Acacia sibilans, commonly known as the whispering myall, is a shrub or tree of the genus Acacia and the subgenus Plurinerves thar is endemic to an arid areas of central western Australia.

==Description==
The bushy shrub or tree typically grows to a height of 3 to 7.5 m that sometimes can have a gnarled habit with fibrous and fissured bark. In some locations the trees can be as high as 12 m and have a crown with a width of up to 15 m, usually with a single crooked or twisted trunk that branches close to ground level. The branchlets become glabrous with age and have hairy new shoots. Like most species of acacia it has phyllodes rather than true leaves. The cylindrical and filiform phyllodes are grey-green with a length of 8 to 18 cm with a diameter of around 1 mm and can be straight to slightly curved with many fine parallel longitudinal nerves. It flowers erratically with flowers being recorded January, April, May and October, it is thought flowering may follow heavy rain events. When it blooms it produces inflorescences found on short two or three headed racemes with spherical flower-heads containing 26 to 28 golden coloured flowers.

==Distribution==
It is native to an area in the Mid West, Gascoyne, Pilbara and Goldfields-Esperance regions of Western Australia where it is commonly situated on alluvial flats growing in sandy of loamy soils often over or around limestone. The bulk of the population is found in the Gascoyne and in the upper catchment of the Murchison River with the range extending from Shark Bay in the west to around Mileura Station in the east.

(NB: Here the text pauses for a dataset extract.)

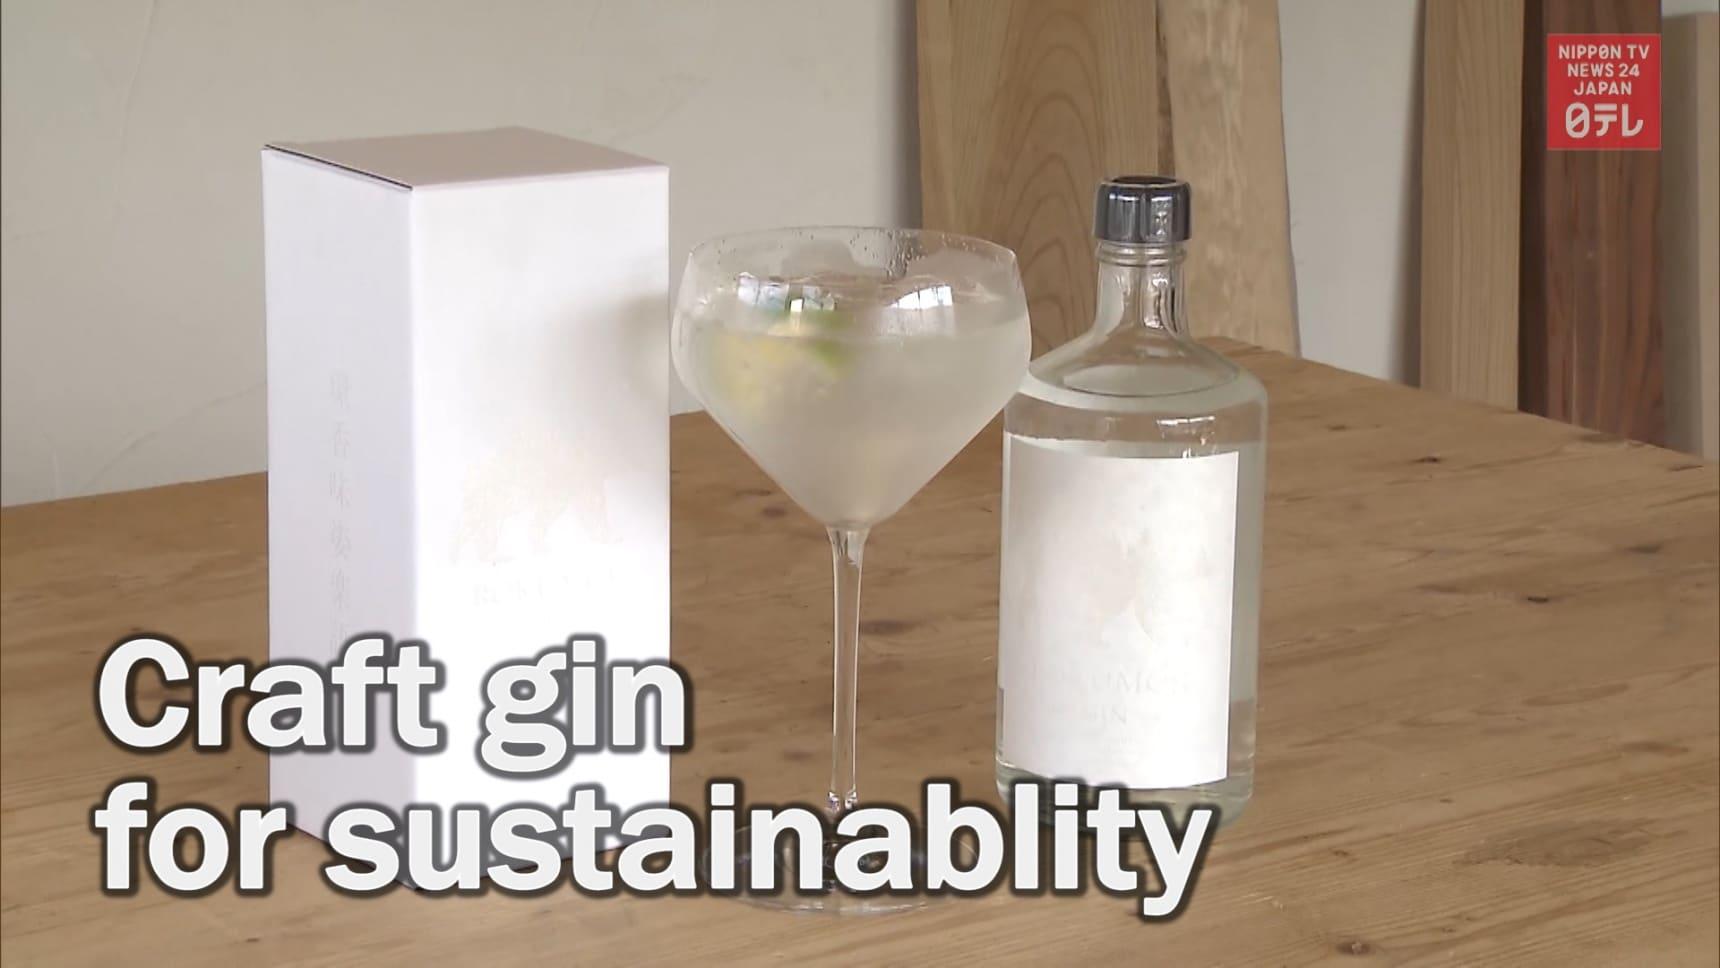 Niigata Craft Gin to Promote Sustainability

Other disjunct populations are found in the Pilbara from around Roy Hill Station and Ethel Creek Station. In the west the tree is usually a part of low chenopodiaceous shrubland communities but is eastern areas it more often part of scrublands featuring other species of Acacia including Acacia paraneura, Acacia xiphophylla and Acacia pruinocarpa or on flat spinifex plains.